On September 14, the GitLab support service reported a critical problem that occurred to one of our clients: first, GitLab works fine, and then the users get an error. They tried to clone some repositories via Git, and suddenly there was an incomprehensible message about an obsolete file: Stale file error
. The error persisted for a long time and did not allow to work until the system administrator manually started ls
in the directory itself.
I had to study the internal mechanisms of Git and the NFS network file system.

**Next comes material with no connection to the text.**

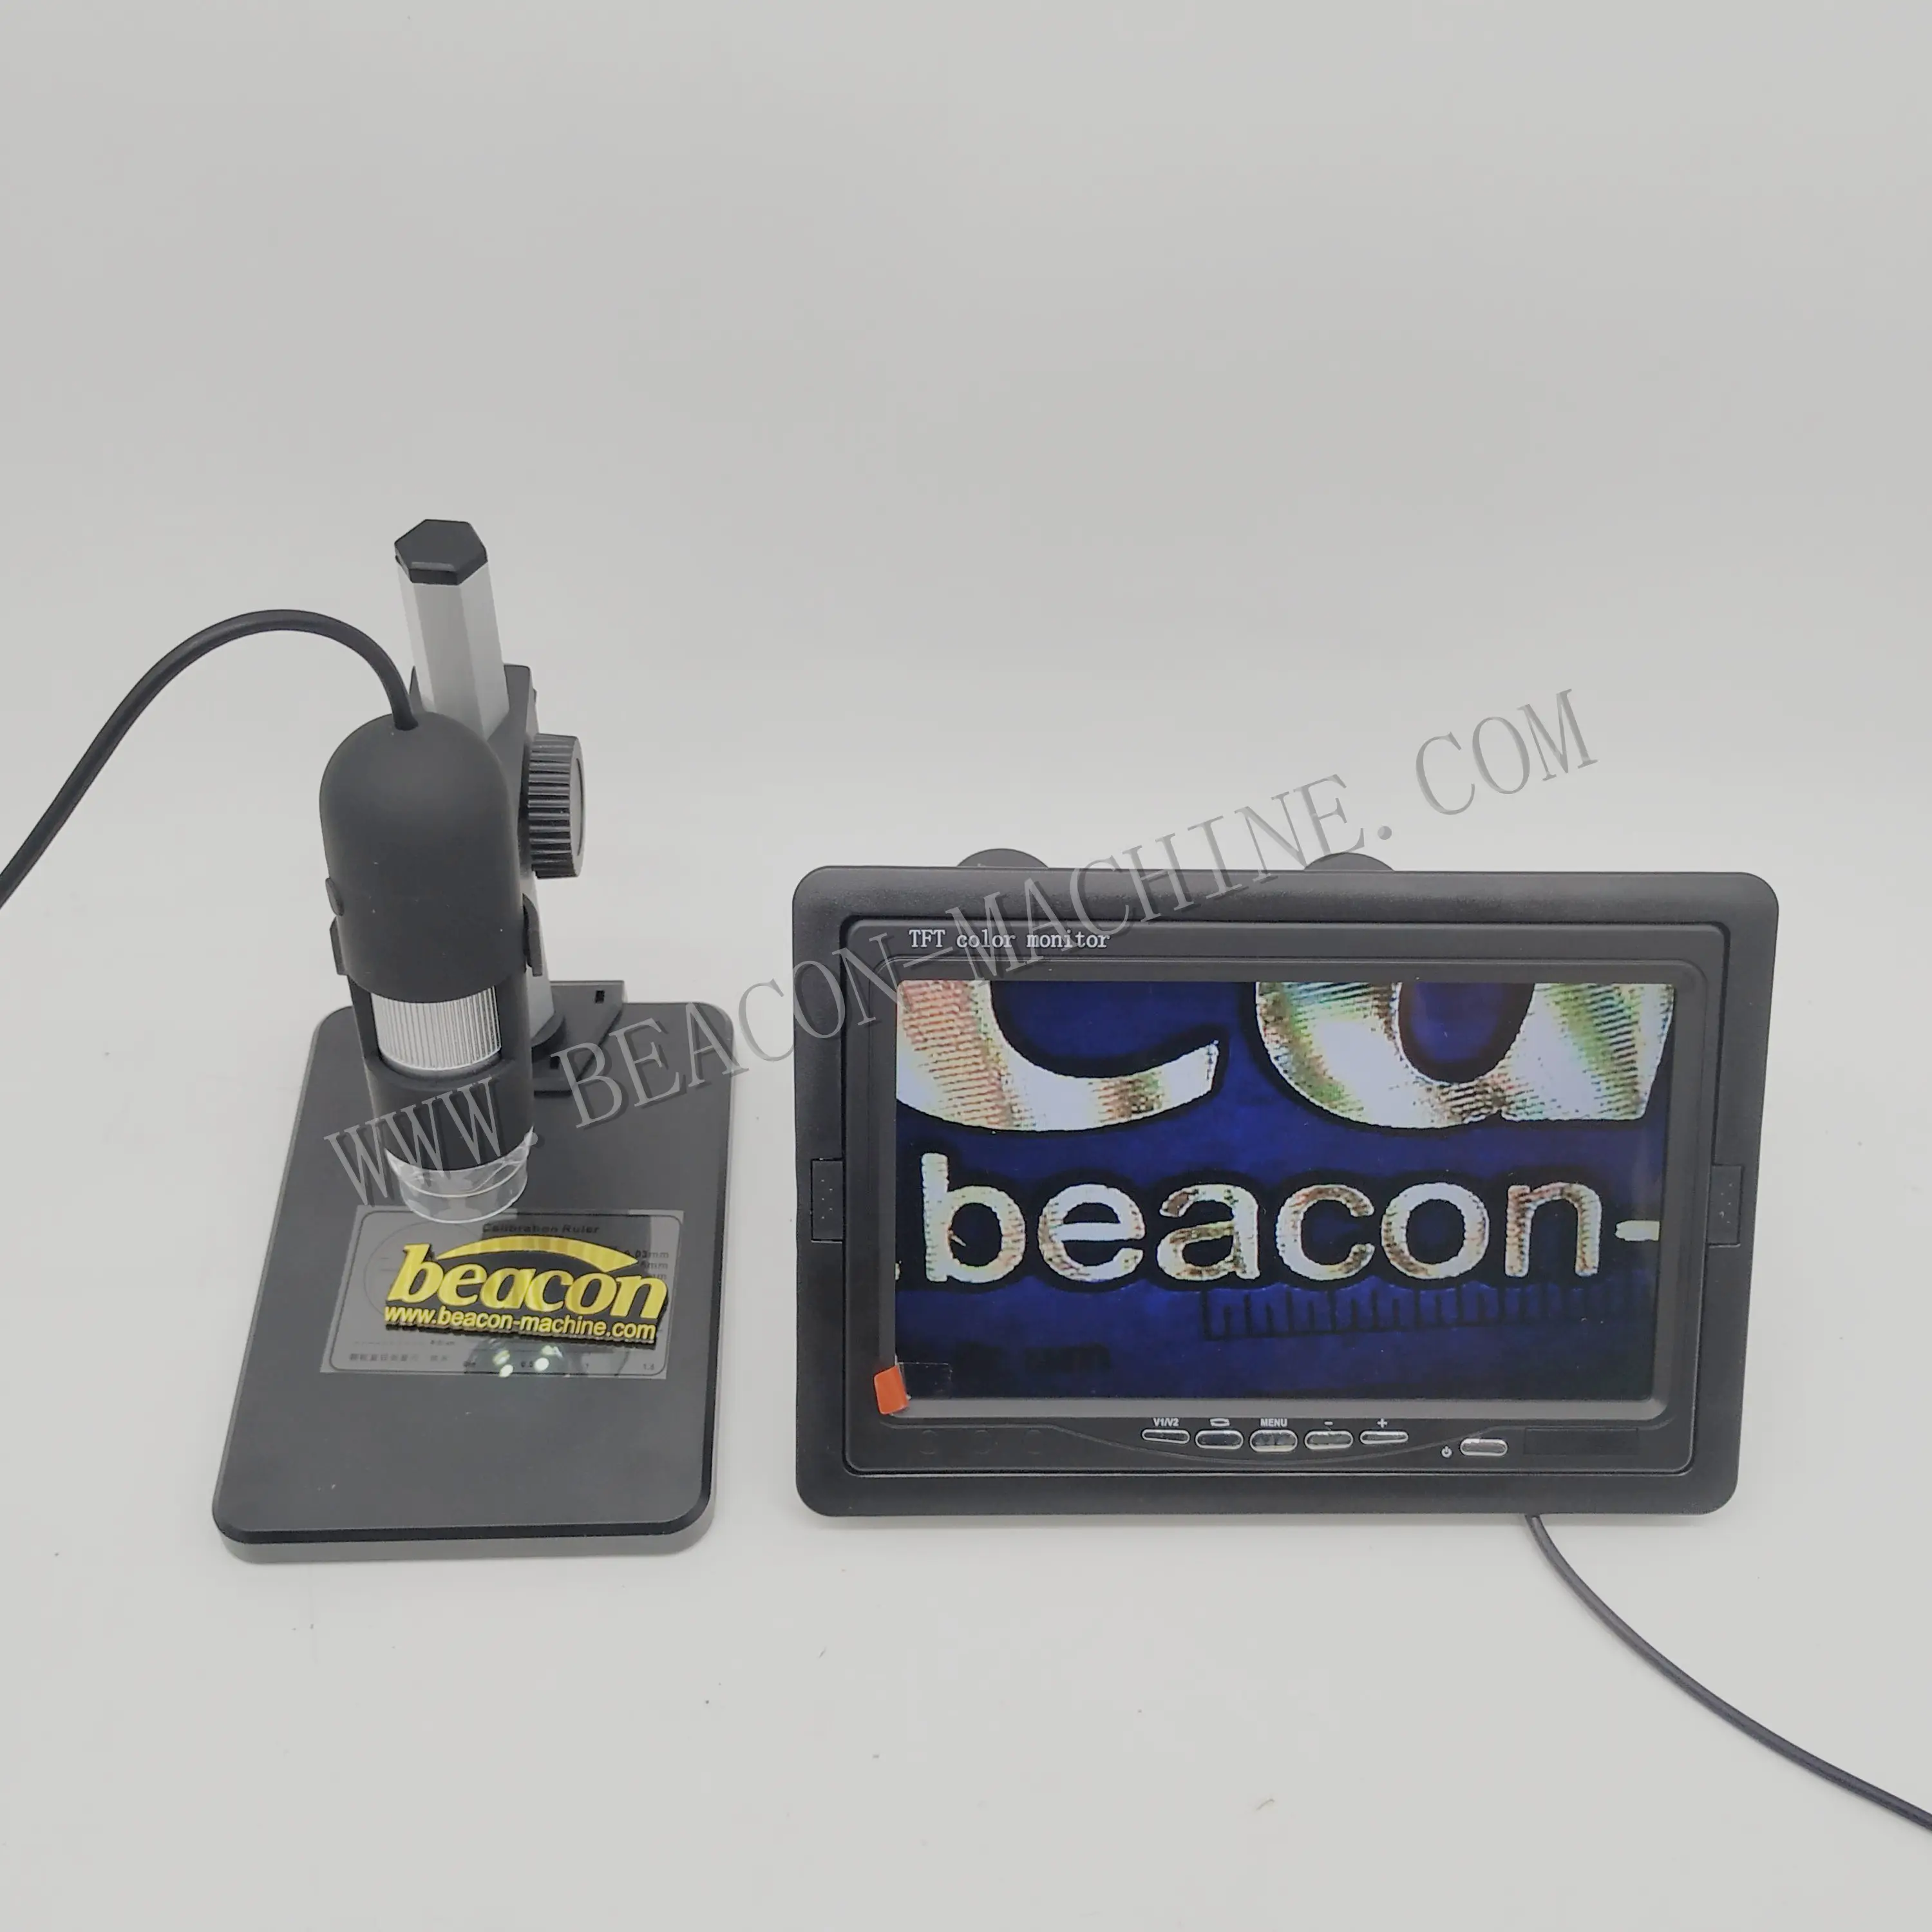 BEACON เครื่องมือดีเซลกล้องจุลทรรศน์ดิจิตอลอิเล็กทรอนิกส์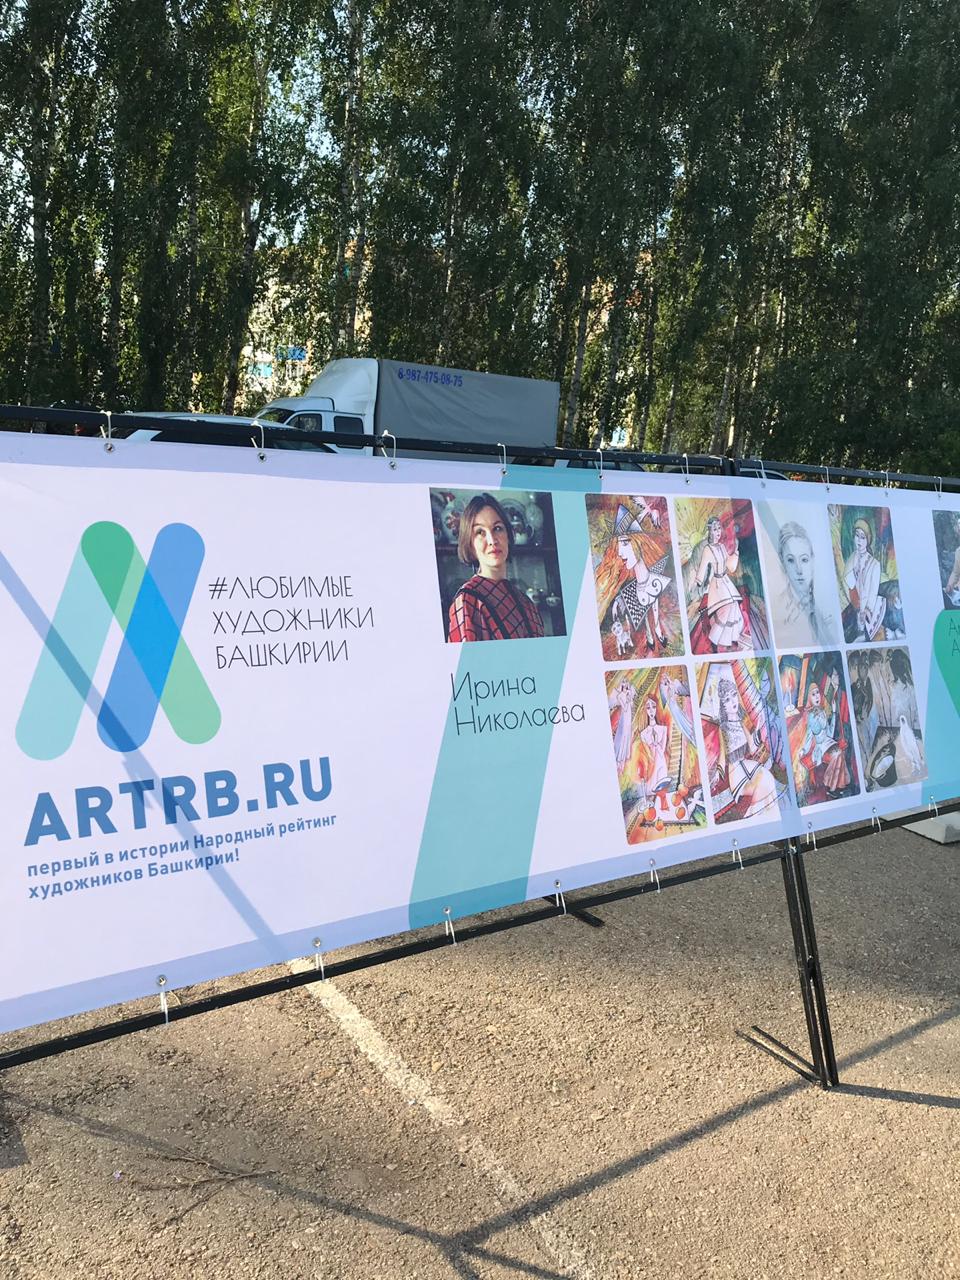 Работы башкирских художников представили на концерте в селе Кандры

As a result, we found a bug in the Linux v4.0 NFS client, Trond Myklebust wrote a patch for the kernel , and since October 26 this patch is included in the main Linux kernel .
In this post I will tell you how we studied the problem, in which direction we thought and what tools we used to track the bug. We were inspired by the excellent detective work of Oleg Dashevsky, described in the post “How I have been hunting for a memory leak in Ruby for two weeks” .
This is also a great example of that debugging open source software is a team sport in which many people, companies and countries participate. The GitLab motto “ Everyone can contribute ” is valid not only for GitLab itself, but also for other open source projects, for example, for the Linux kernel.
We kept NFS on GitLab.com for many years, but then we stopped using it to access repository data on machines with applications. We moved all the Git calls to Gitaly . We support NFS for clients who manage their installations on GitLab, but have never encountered a problem like that of the above client.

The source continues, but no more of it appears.